Flink checkpoint 源码分析- Flink Checkpoint 触发流程分析

序言

最近因为工作需要在阅读flink checkpoint处理机制,学习的过程中记录下来,并分享给大家。也算是学习并记录。

目前公司使用的flink版本为1.11。因此以下的分析都是基于1.11版本来的。

在分享前可以简单对flink checkpoint机制做一个大致的了解。

Flink的checkpoint的过程依赖于异步屏障快照算法,该算法在《Lightweight Asynchronous Snapshots for Distributed Dataflows》这篇paper中被提出。理解了这篇paper也就明白了flink的chekpoint机制。paper整体来说比较简单易懂,下面简单介绍下paper的大体内容和核心的算法。

[1] 引用:Flink Checkpoint原理解析 - 知乎

代码分析

Flink checkpoint 的触发是通过CheckpointCoordinator 的定时线程完后。

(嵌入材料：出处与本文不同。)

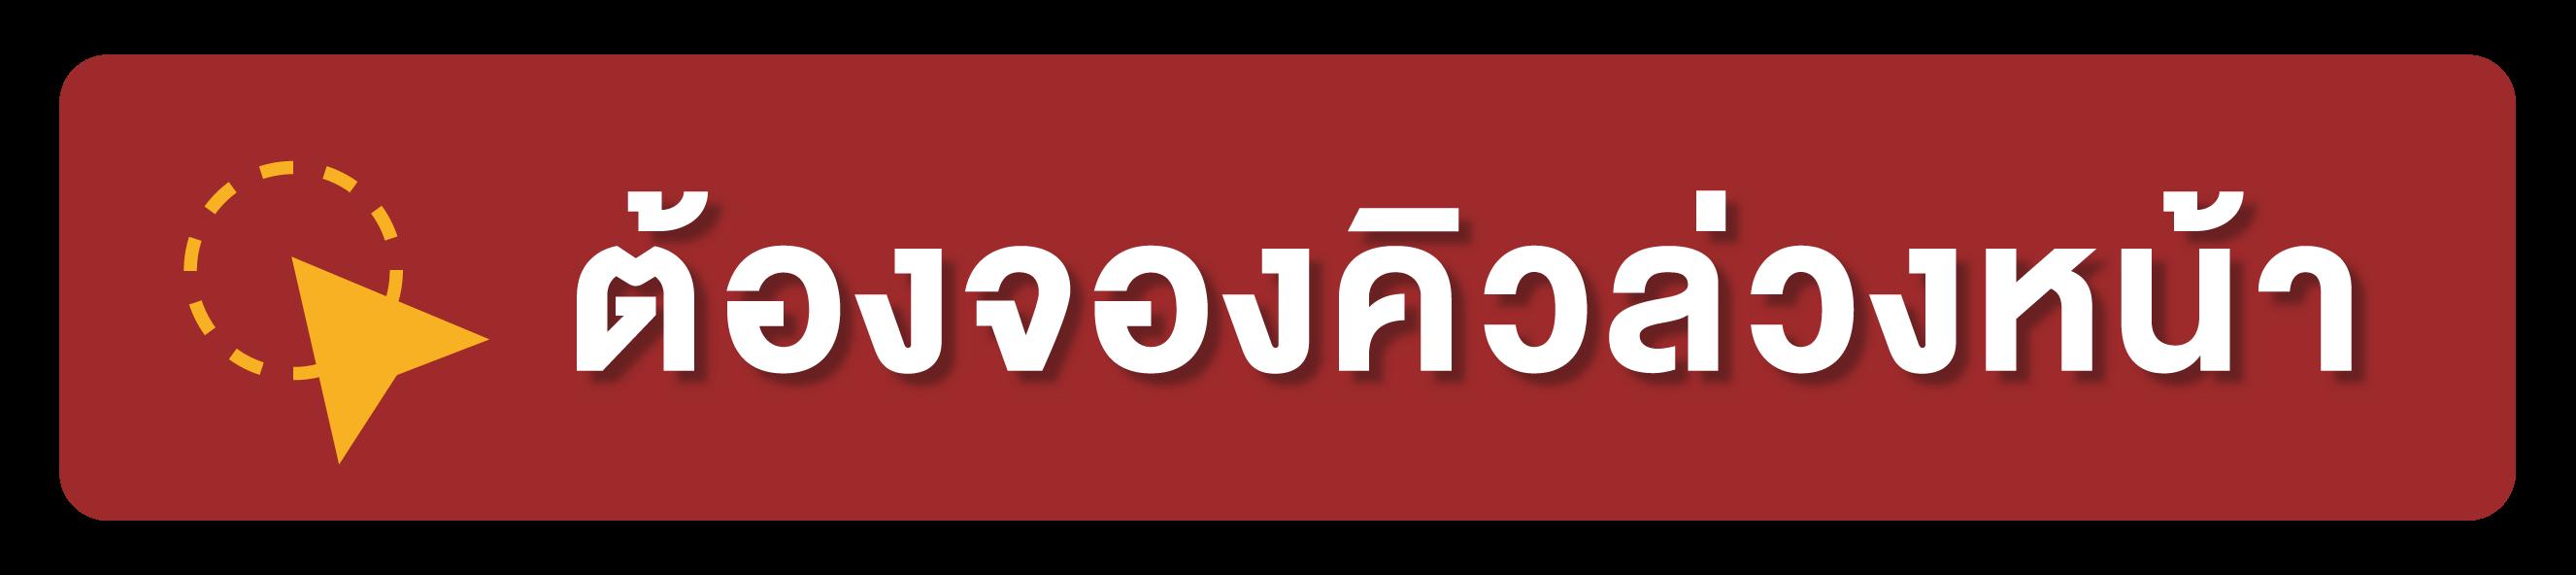 Website-Icon-54

	private ScheduledFuture<?> scheduleTriggerWithDelay(long initDelay) {
		return timer.scheduleAtFixedRate(
			new ScheduledTrigger(),
			initDelay, baseInterval, TimeUnit.MILLISECONDS);
	}

之后通过snapshotTaskState RPC的调用来实现触发checkpoint的

代码中遍历executions 来触发checkpoint,那么executions是什么东西呢?

Flink 代码中维护了一个叫tasksToTrigger的数组。

这个地方向前追溯,可以一直到jobgrap的生成。从名字和代码就可以看出,这个里面存的是没有inputchannel的节点,source节点没有inputchannel,所以回答上面的问题,executions 中是source节点,也就是做checkpoint 时 checkpointcoordinate 会给source节点发送rpc。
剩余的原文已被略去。